Yahoo! Lab to Cook Up New Search Tech

Yahoo!'s new research group will help the Internet giant fight for search superiority.

Yahoo has created a research organization focusing on paid search and other technologies. It will be headed by the founder of Overture Research.

Yahoo Research Labs will help the company compete in the escalating fight for search superiority inspired by the explosive growth of the paid search sector, estimated to hit $6.3 billion in 2004, according to Jupiter Research, which shares a parent company with this publication.

With that kind of money involved, it’s no wonder companies are working hard to develop innovations. Yahoo competitor Google operates a similar lab, and even e-commerce player Amazon has started a subsidiary, A9, dedicated to search.

The engineers and scientists in Yahoo’s lab will study topics including paid search, Web search, vertical businesses and platform technologies. Gary William Flake, founder of Overture Research and former chief science officer of Overture Services, which is now owned by Yahoo, will head the lab.

“This is the second incarnation of Overture Research,” said Flake. Essentially, he said, Overture Research has been repurposed into Yahoo Research Labs. Overture Research, the brains behind Overture, the leading paid search entity and a pioneer in the field, has developed local search tools, spell correction, which helps users correct mistakes and matches queries to merchant results more effectively, and phrase- and broad-matching and content match tools over the last year.

Flake said he would be moving from Pasadena, Calif. to Sunnyvale, Calif. as he assumes his duties as head of the lab. The core research team of about 24 people will remain in Pasadena.

“Yahoo Research Labs will expand as time goes by,” said Flake. Also, Yahoo’s R&D people will work with the core research team.

Underscoring the importance of paid search, Yahoo credited its search and marketplace properties, along with other factors, for its soaring revenue and earnings in line with expectations in its fourth quarter earnings report last week.
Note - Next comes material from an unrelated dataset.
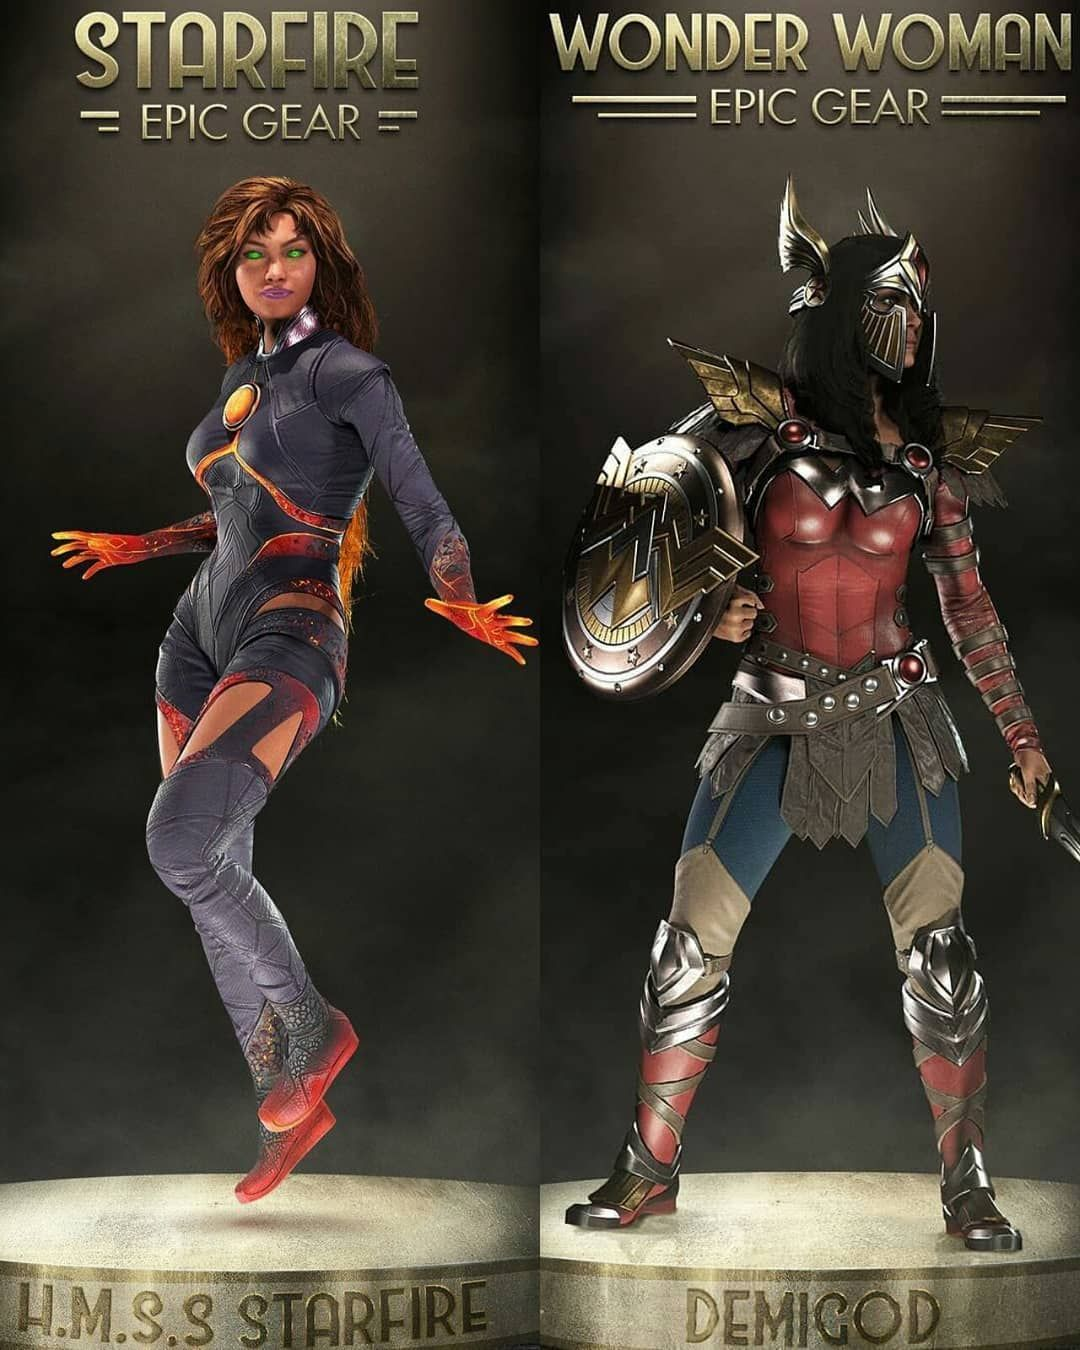 Starfire And Wonder Woman Injustice 2 Starfire Wonderwoman Koriandr Koryanders Kori Kory Themyscira Tamaran Star Wonder Woman Starfire Cosplay Woman

Core research areas for the lab will include machine learning, statistical data mining and efficient algorithms.

The news comes as the industry prepares for Yahoo to make an algorithmic search switch from Google to Inktomi the next few months.
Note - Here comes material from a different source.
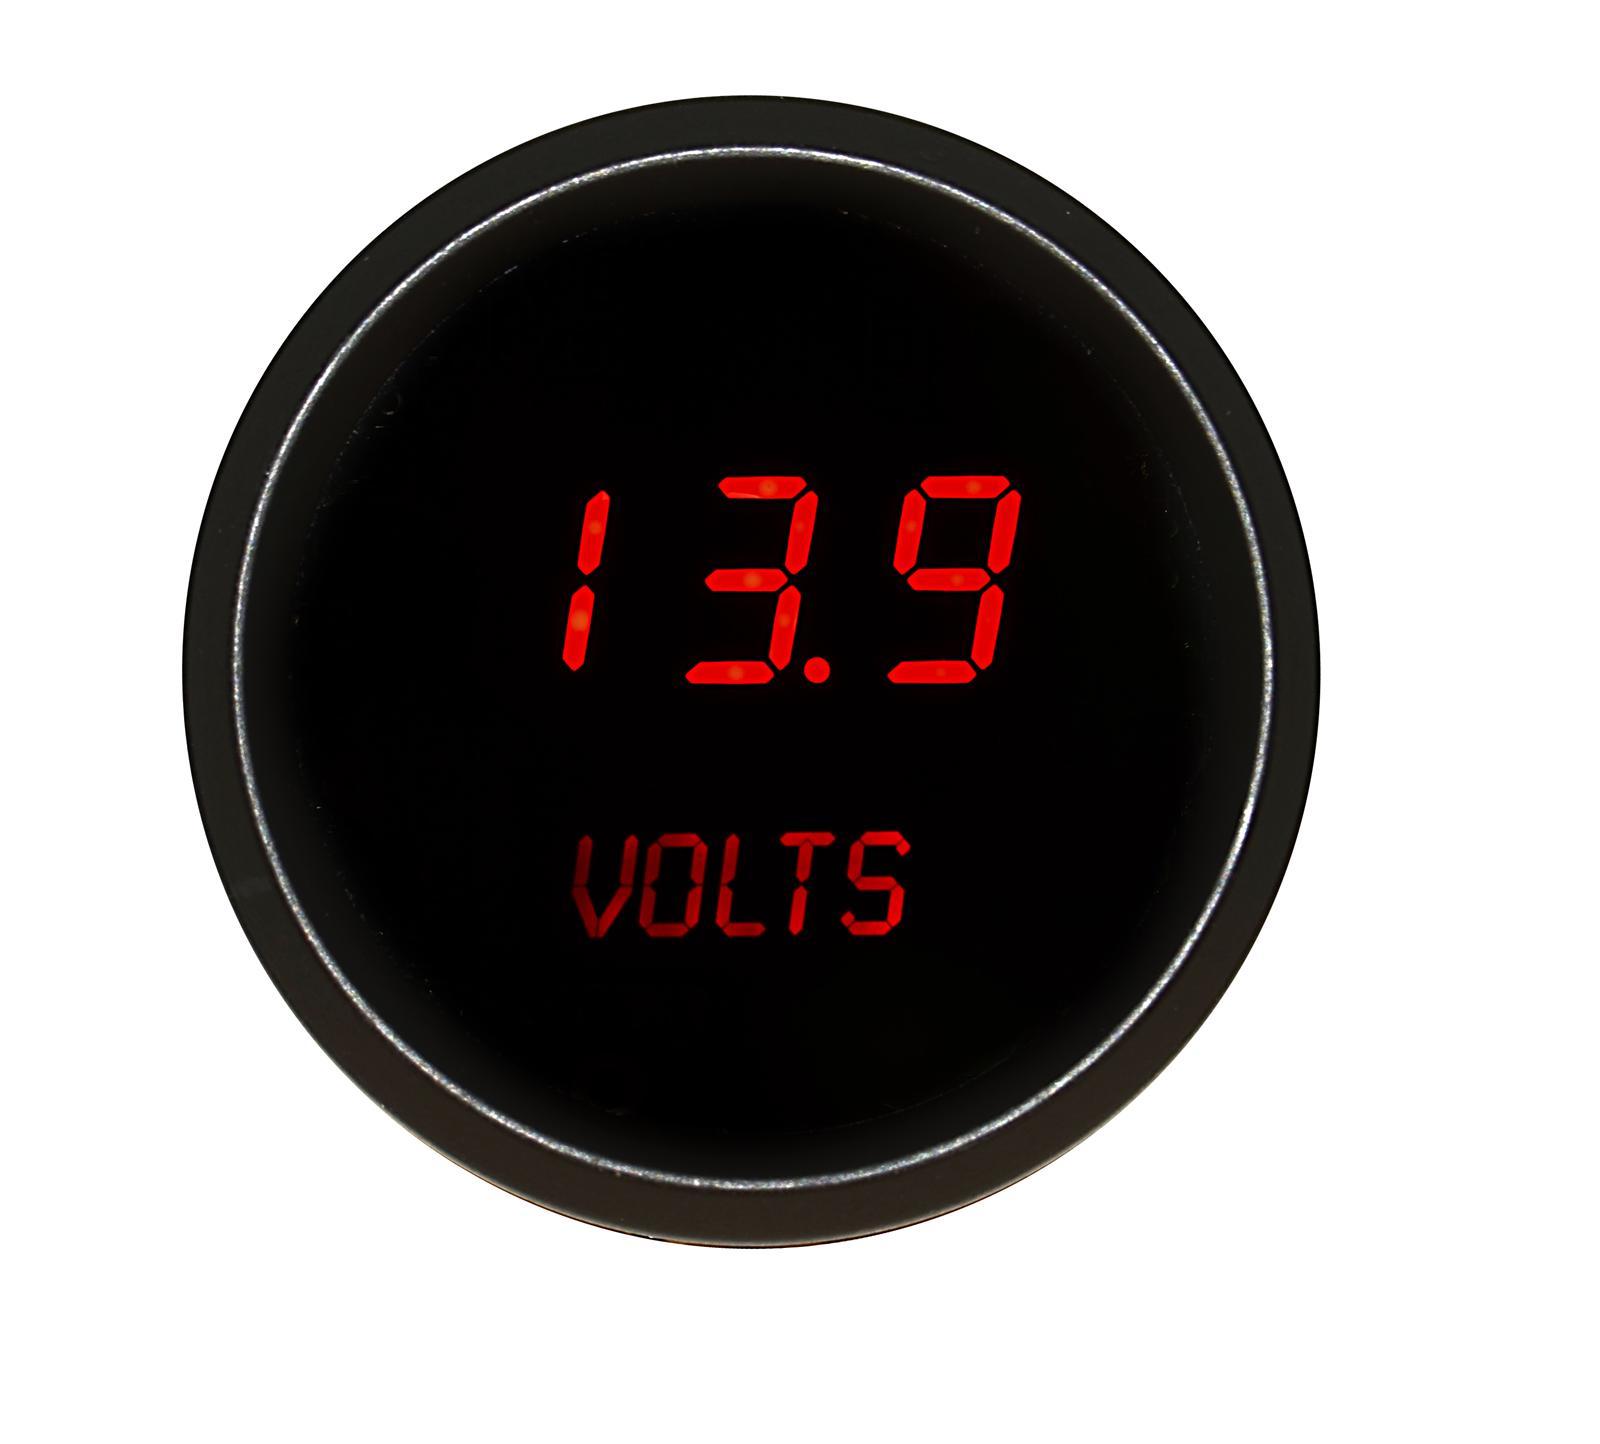 Intellitronix Digital Gauges : Intellitronix led digital gauges m r free shipping on

Asked if the lab will work with Inktomi after the switch, Flake said, “We have partnered and will continue to partner with the Web search unit of Inktomi for making improvements in Web search. We would not try to create a new type of search engine from scratch. We’ll be working with Inktomi on improving Web search not just incrementally but coming up with new algorithms that leapfrog the current state of the art.”

Because search engine marketing has taken off so explosively, online marketers and publishers are brainstorming ways to improve upon the category.

They are also aggressively hiring to beef up their own capacity for study in the area of Web search. In November, MSN hired Overture CTO Paul Ryan away from Overture to head its lab. Microsoft is working to build its own search technology and has been hiring aggressively.

Flake said the Yahoo Research Labs are not a reaction to MSN’s move.

“We had the seeds planted and the plans made for this decision well in advance of Paul’s departure,” Flake said.

Flake came to Yahoo when the company acquired Overture last year. Before that he was leader of NEC Research Institute’s Web data-mining program.

The scientist said he wants to avoid the “swinging pendulum” approach to research. With this approach, research can become either too focused on long-term goals to be practical or too focused on short-term “bottom line” goals to be creating long-term solutions to long-term problems.

“We value having a portfolio of activities that include long term, short term and medium-term activities,” Flake said. “Always having something in the pipeline that would deliver a month from now, six weeks from now, a year from now.”

“Yahoo has a history of being innovative. We think this is a step toward consolidating a lot of existing assets we have in the company and having a single point of contact for pursuing research topics that will have a high impact on the company moving forward.”